7-195/196/1941 - Hz. Ebû Hüreyre (radıyallâhu anh) anlatıyor: "Resûlullah (aleyhissalâtu vesselâm) buyurdular ki: "Allah'ın, yollarda dolaşıp zikredenleri araştıran melekleri vardır. Allahu Teâlâ'yı zikreden bir cemaate rastlarlarsa,  birbirlerini "Aradığınıza gelin!" diye çağırırlar. (Hepsi gelip) onları kanatlarıyla kuşatarak dünya semasına kadar arayı doldururlar. Allah, -onları en iyi bilen olduğu halde- meleklere sorar:"Kullarım ne diyorlar?""Seni tesbih ediyorlar, sana tekbir okuyorlar, sana tahmid okuyorlar. Sana ta'zim (temcîd) ediyorlar" derler. Rabb Teâlâ sormaya devam eder:"Onlar beni gördüler mi?""Hayır!" derler."Ya görselerdi ne yaparlardı?""Eğer seni görselerdi ibâdette çok daha ileri giderler; çok daha fazla ta'zim, çok daha fazla tesbihde bulunurlardı" derler. Allah tekrar sorar:"Onlar ne istiyorlar?""Senden, derler, cennet istiyorlar.""Cenneti gördüler mi?" der."Hayır ey Rabbimiz!" derler."Ya görselerdi ne yaparlardı?" der."Eğer görselerdi, derler, cennet için daha çok hırs gösterirler, onu daha ısrarla isterler, ona daha çok rağbet gösterirlerdi." Allah Teâla sormaya devam eder:"Neden istiâze ediyorlar?""Cehennemden istiâze ediyorlar" derler."Onu gördüler mi?" der."Hayır Rabbimiz, görmediler!" derler."Ya görselerdi ne yaparlardı?" der."Eğer cehennemi görselerdi ondan daha şiddetli kaçarlar, daha şiddetli korkarlardı" derler. Bunun üzerini Rabb Teâla şunu söyler:"Sizi şâhid kılıyorum, onları affettim!"Resûlullah (aleyhissalâtu vesselâm) sözüne devamla şunu anlattı: "Onlardan bir melek der ki: "Bunların arasında falanca günahkâr kul dahi var. Bu onlardan değil. O başka bir maksadla uğramıştı, oturuverdi." Allah Teâla: "Onu da affettim, onlar öyle bir cemaat ki onlarla oturanlar da onlar sayesinde bedbaht olmazlar" buyurur."

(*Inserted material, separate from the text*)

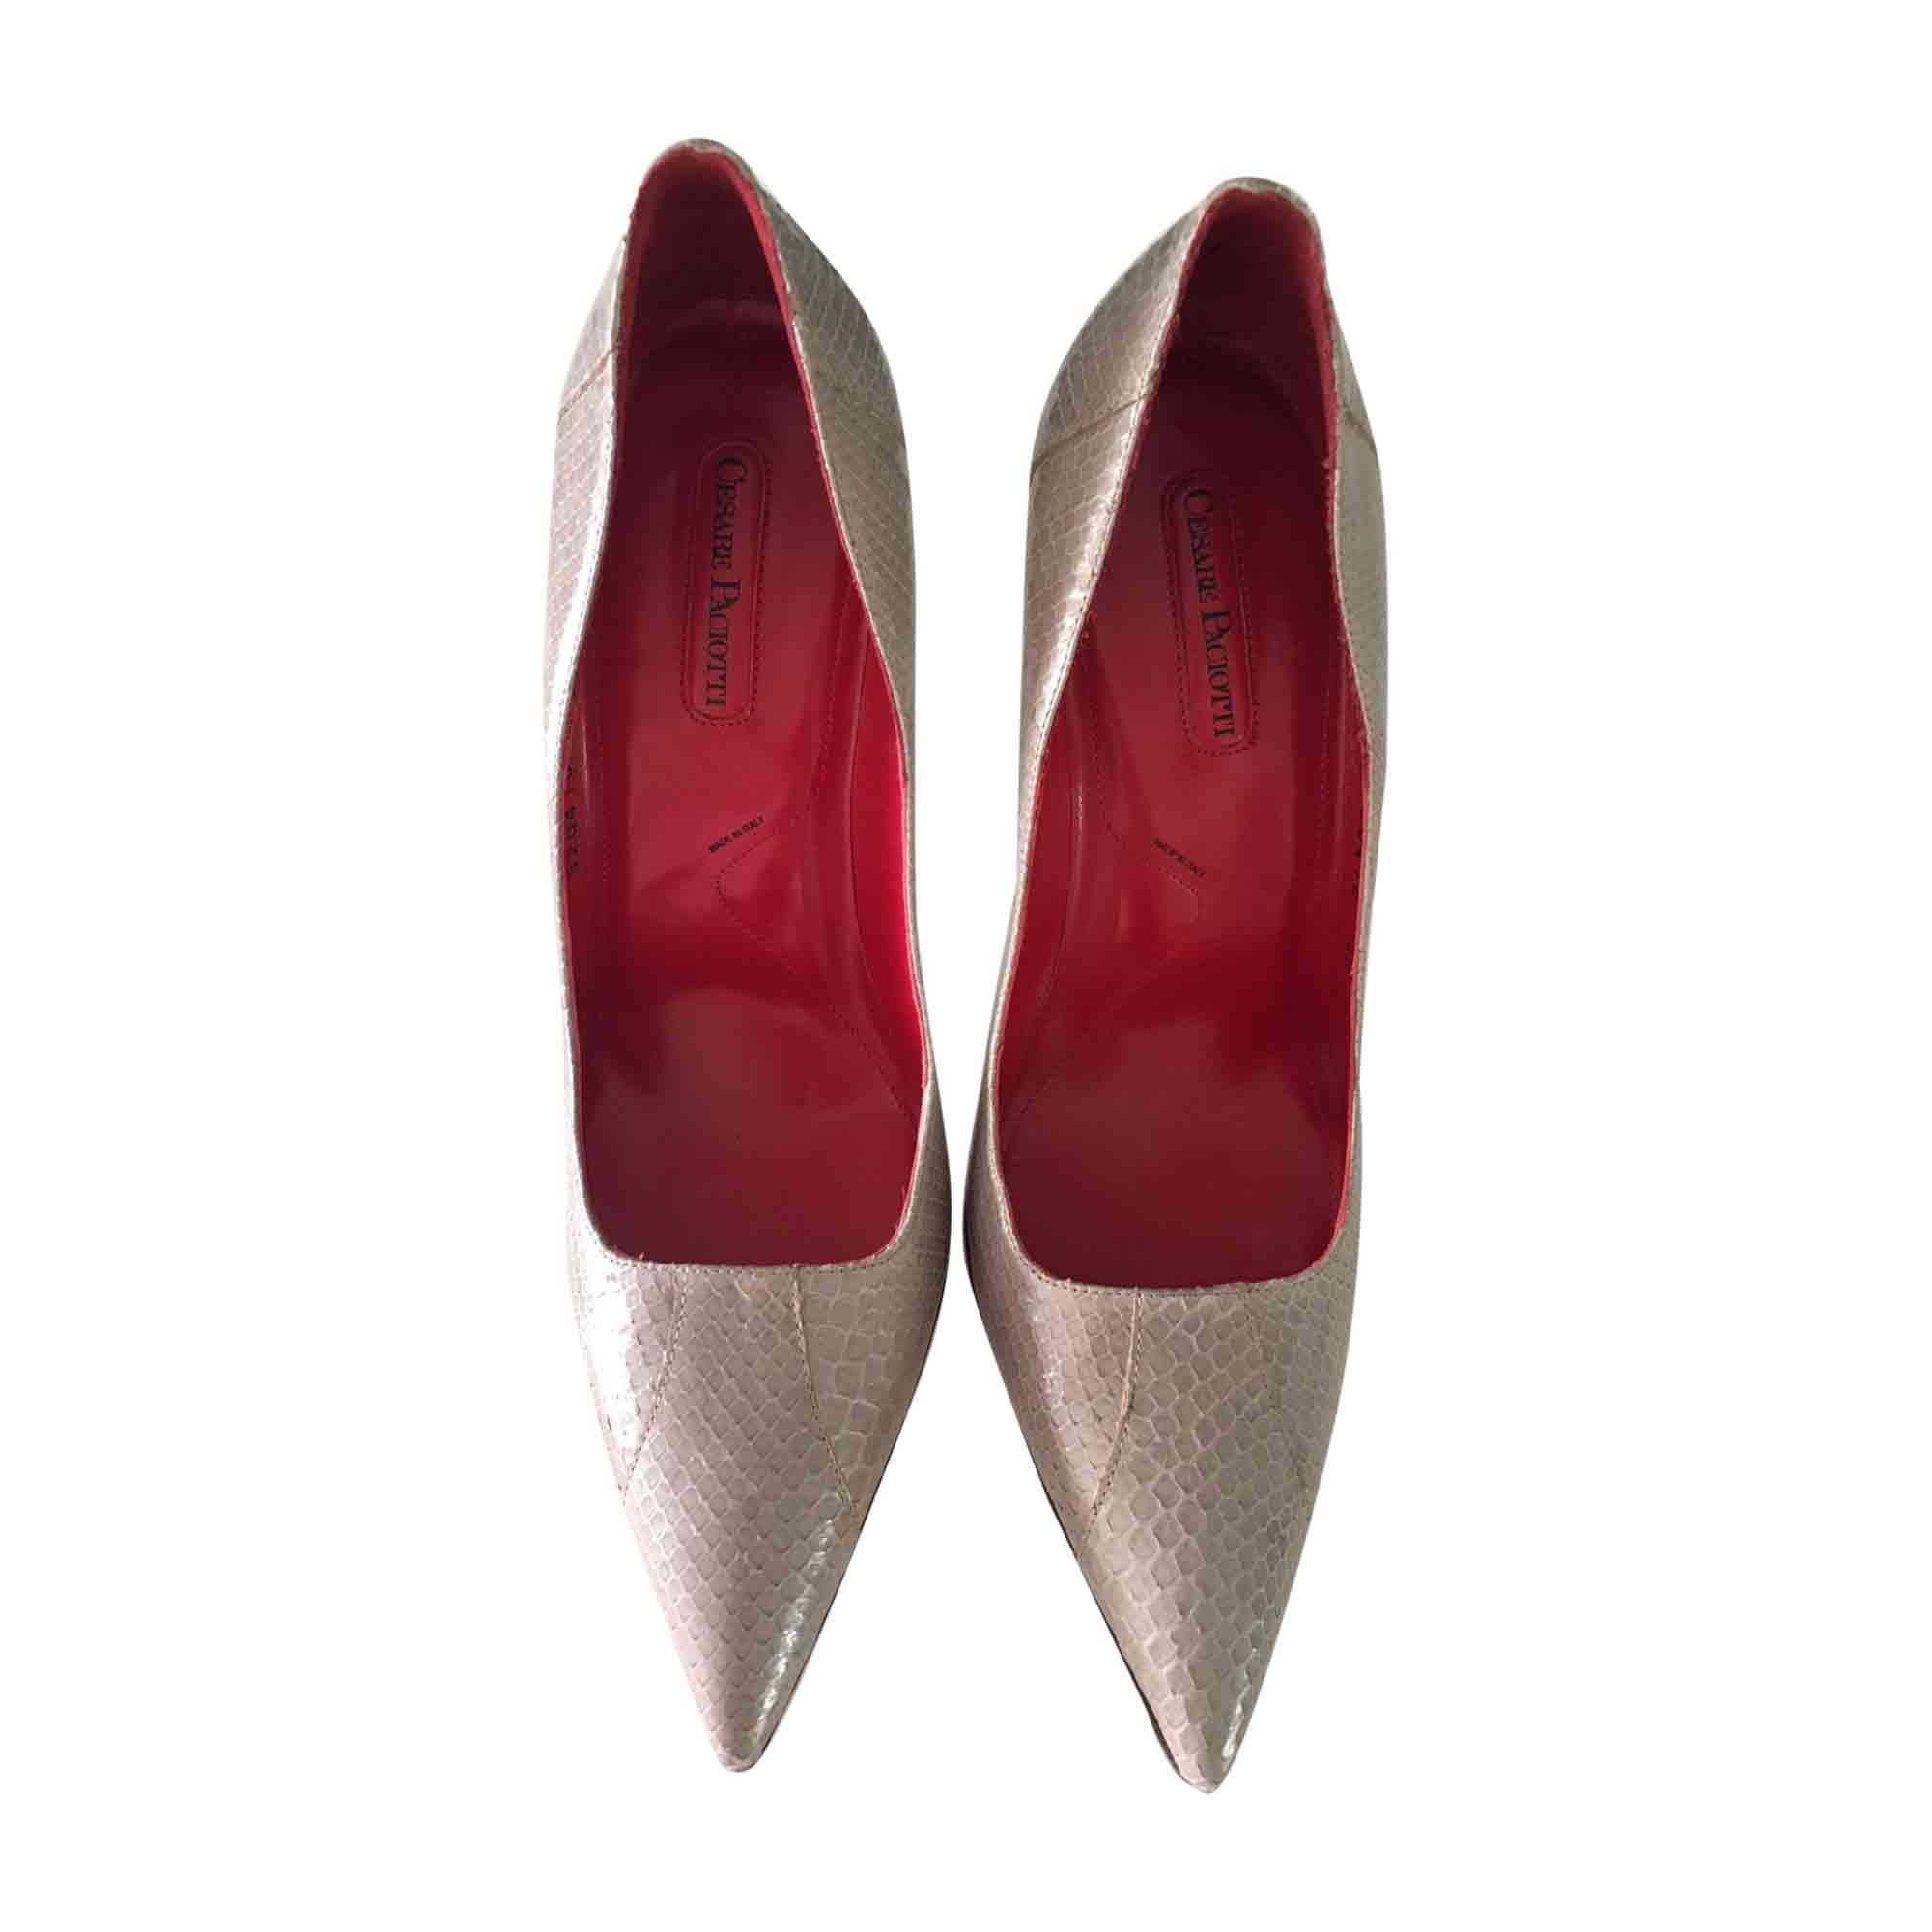 grand assortiment Design moderne bonne vente de chaussures Escarpins CESARE PACIOTTI

7-198/1942 - Yine Ebû Hüreyre (radıyallâhu anh) anlatıyor: "Resûlullah (aleyhissalâtu vesselâm) buyurdular ki: "Kim bir yere oturur ve orada Allah'ı zikretmez (ve hiç zikretmeden kalkar) ise Allah'tan ona bir noksanlık vardır. Kim bir yere yatar, orada Allah'ı zikretmezse, ona Allah'tan bir noksanlık vardır. Kim bir müddet yürür ve bu esnâda Allah'ı zikretmezse, Allah'tan ona bir noksanlık vardır."

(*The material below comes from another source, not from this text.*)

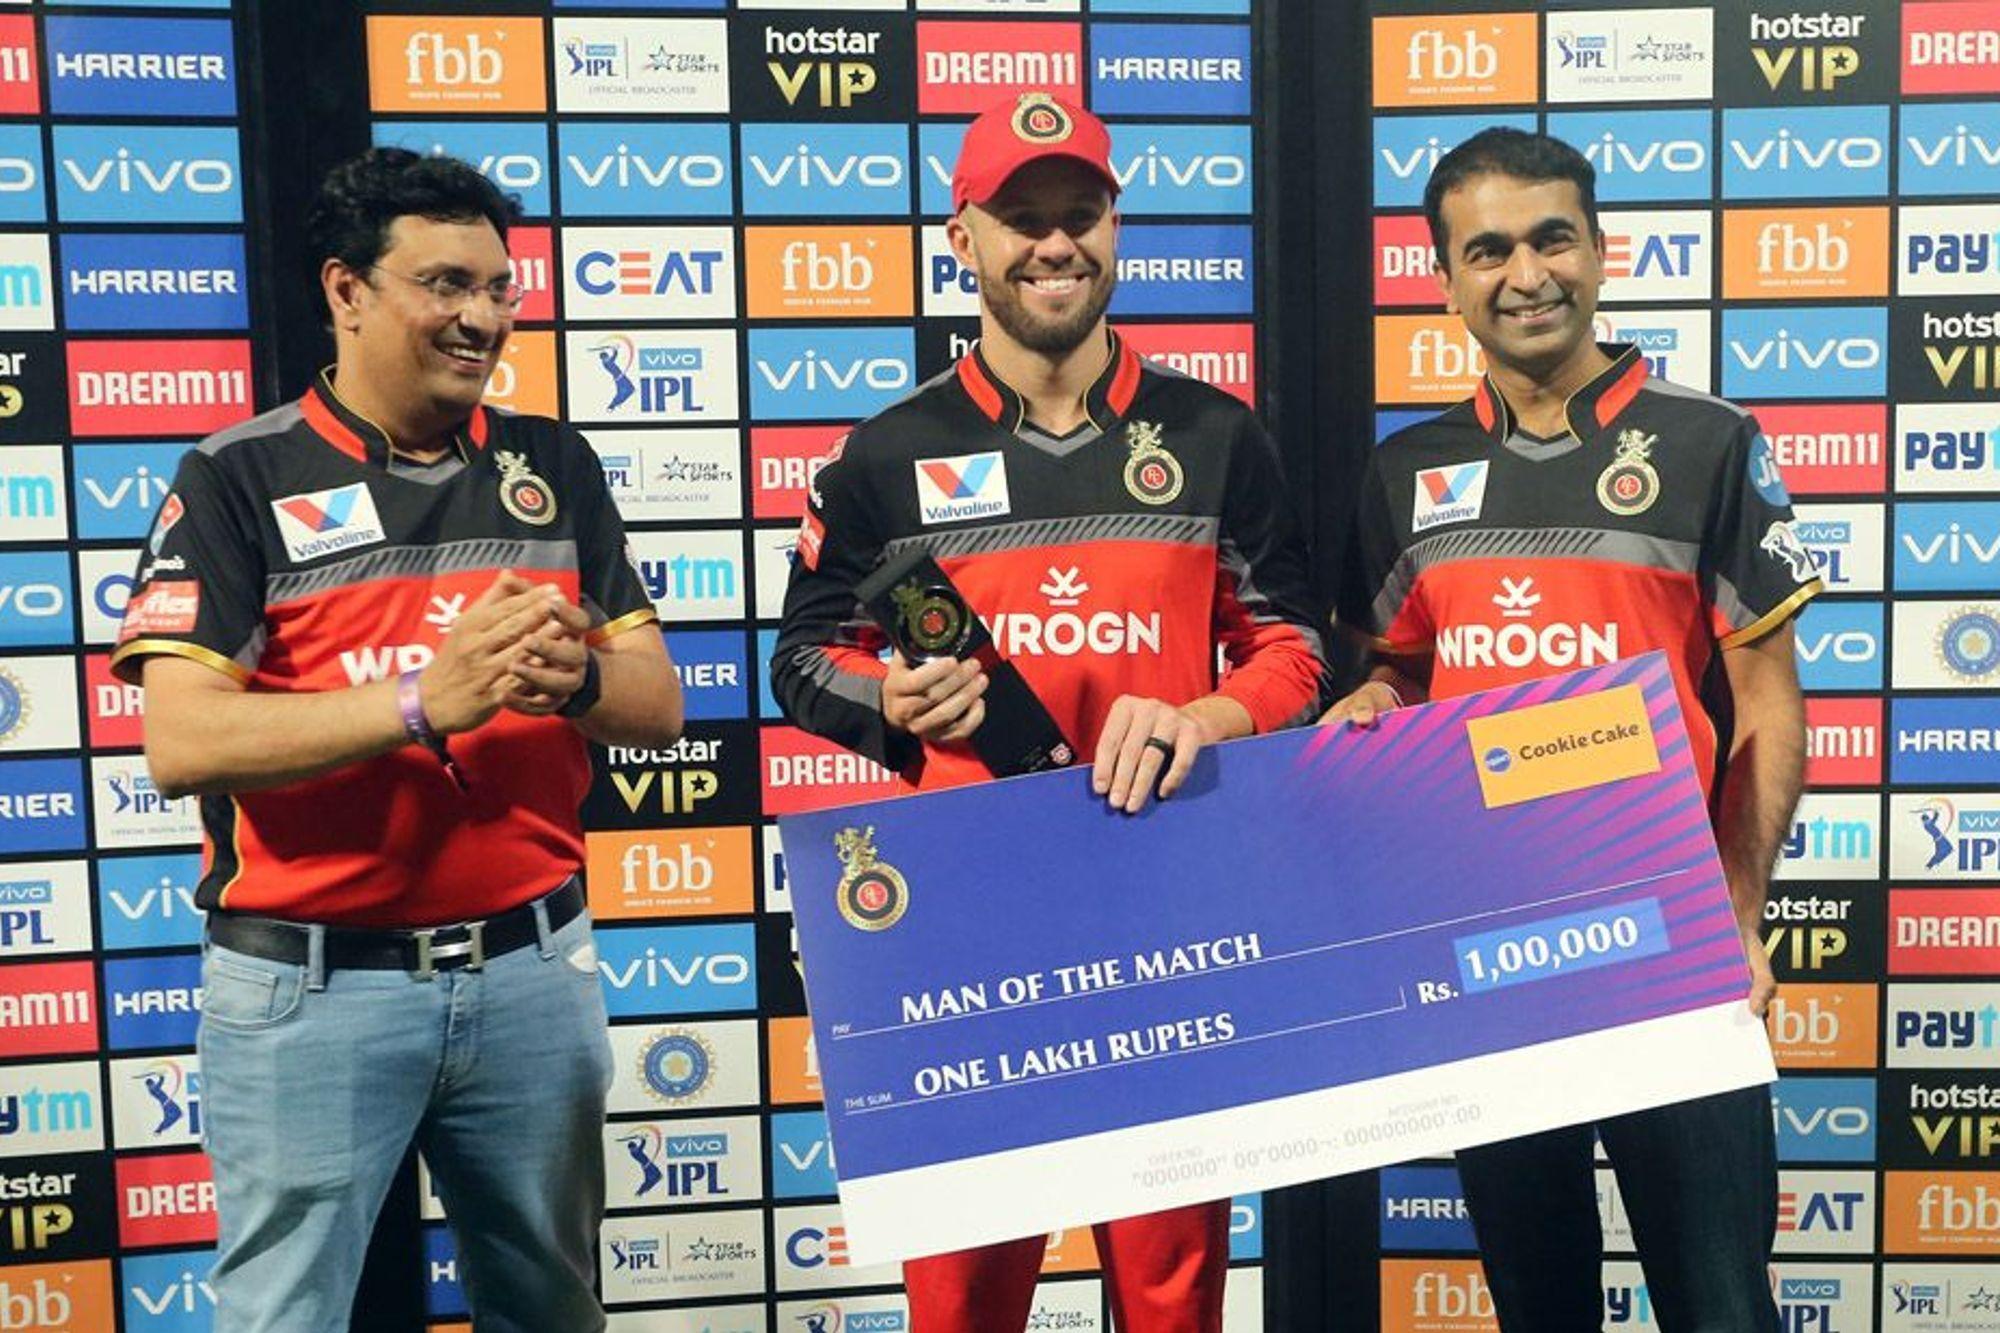 मैन ऑफ द मैच एबी डिविलियर्स ने बताया अपनी तूफानी बल्लेबाजी का असली राज 1

7-200/1944 - Hz. Ebû Musâ (radıyallâhu anh) anlatıyor: "Resûlullah (aleyhissalâtu vesselâm) buyurdular ki: "İçerisinde Allah zikredilen evlerin misali ile içerisinde Allah zikredilmeyen evlerin misâli, diri ile ölünün misali gibidir."

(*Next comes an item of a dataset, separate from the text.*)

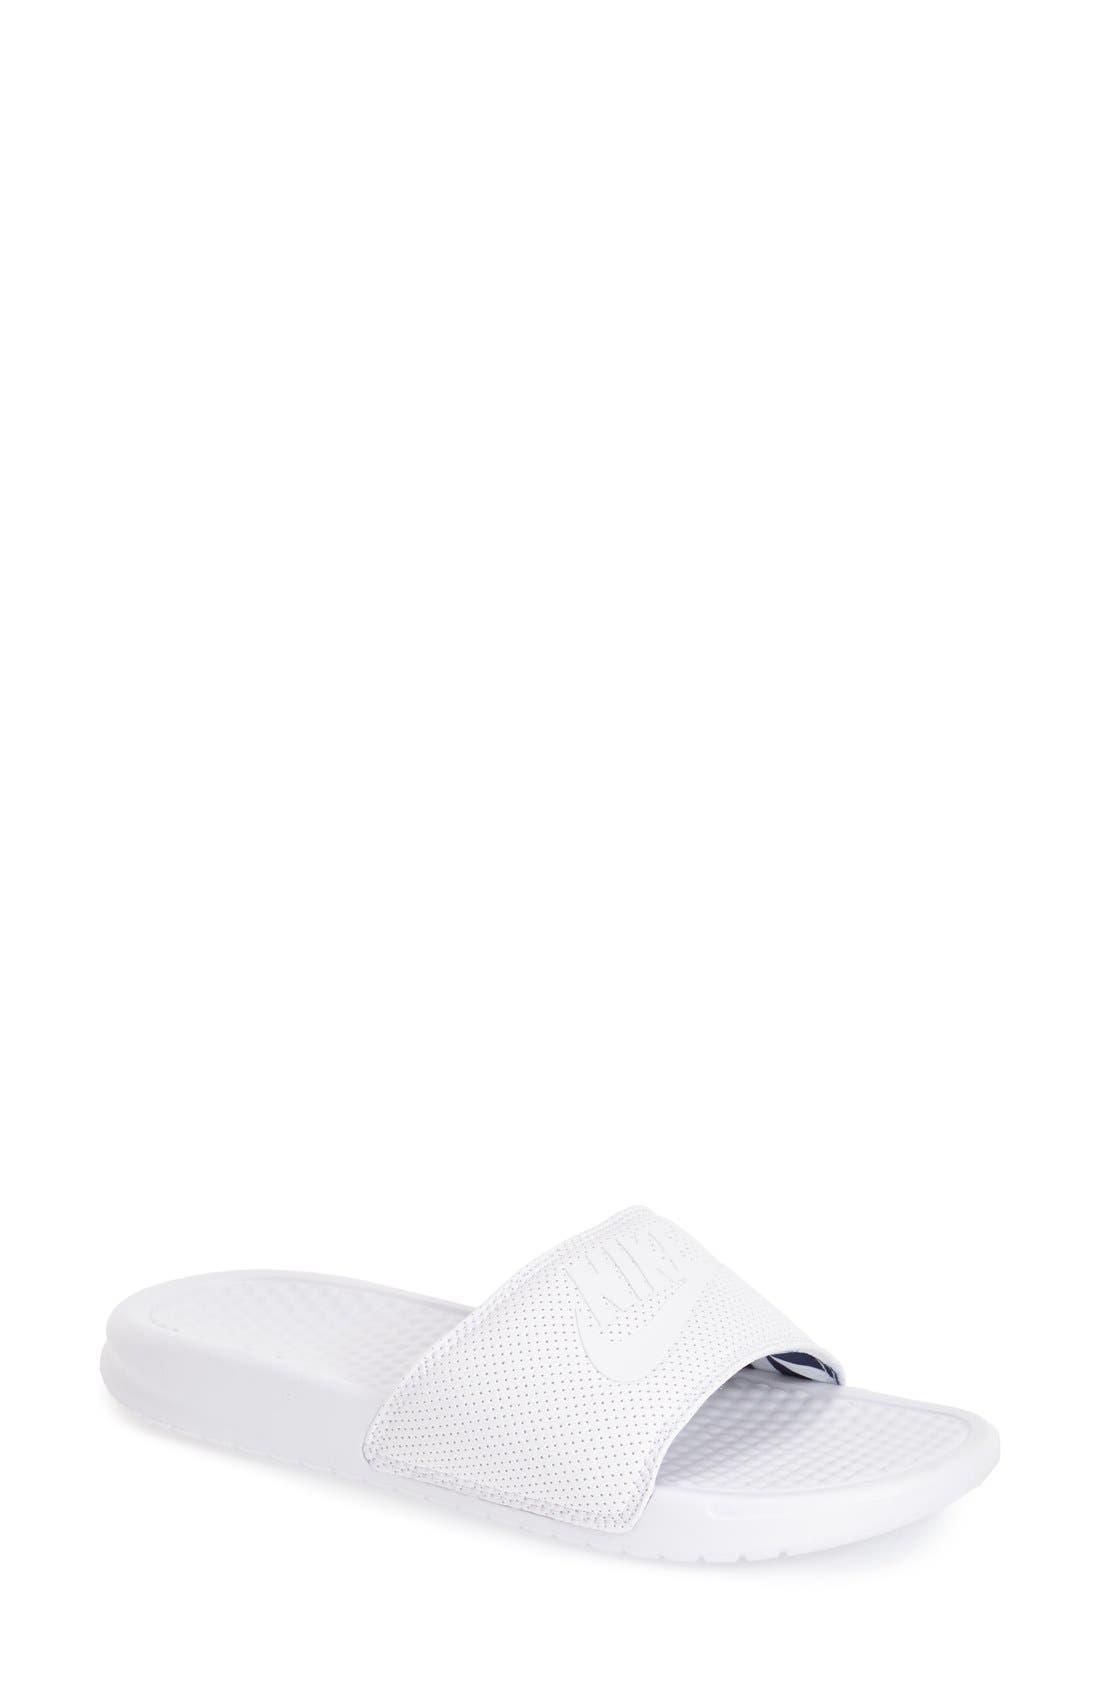 Alternate Image 1 Selected - Nike 'Benassi - Just Do It' Slide Sandal (Women)

7-201/1945 - Hz. Ebû Hüreyre'nin rivâyetinde şöyle gelmiştir: "Resûlullah (aleyhissalâtu vesselâm) buyurdular ki: "Allah Teâla hazretleri diyor ki: "Kulum, hakkımda nasıl bir zan yürütürse ben öyleyimdir. O, beni zikredince ben onunla beraberim. O beni içinden geçirirse, ben de onu içimden geçiririm. O, beni bir cemaat içerisinde anarsa, ben de onu, onunkinden daha hayırlı bir cemaatte anarım. O, bana bir karış yaklaşırsa ben ona bir arşın yaklaşırım. O bana bir arşın yaklaşırsa, ben ona bir kulaç yaklaşırım. O bana yürüyerek gelirse ben ona koşarak giderim."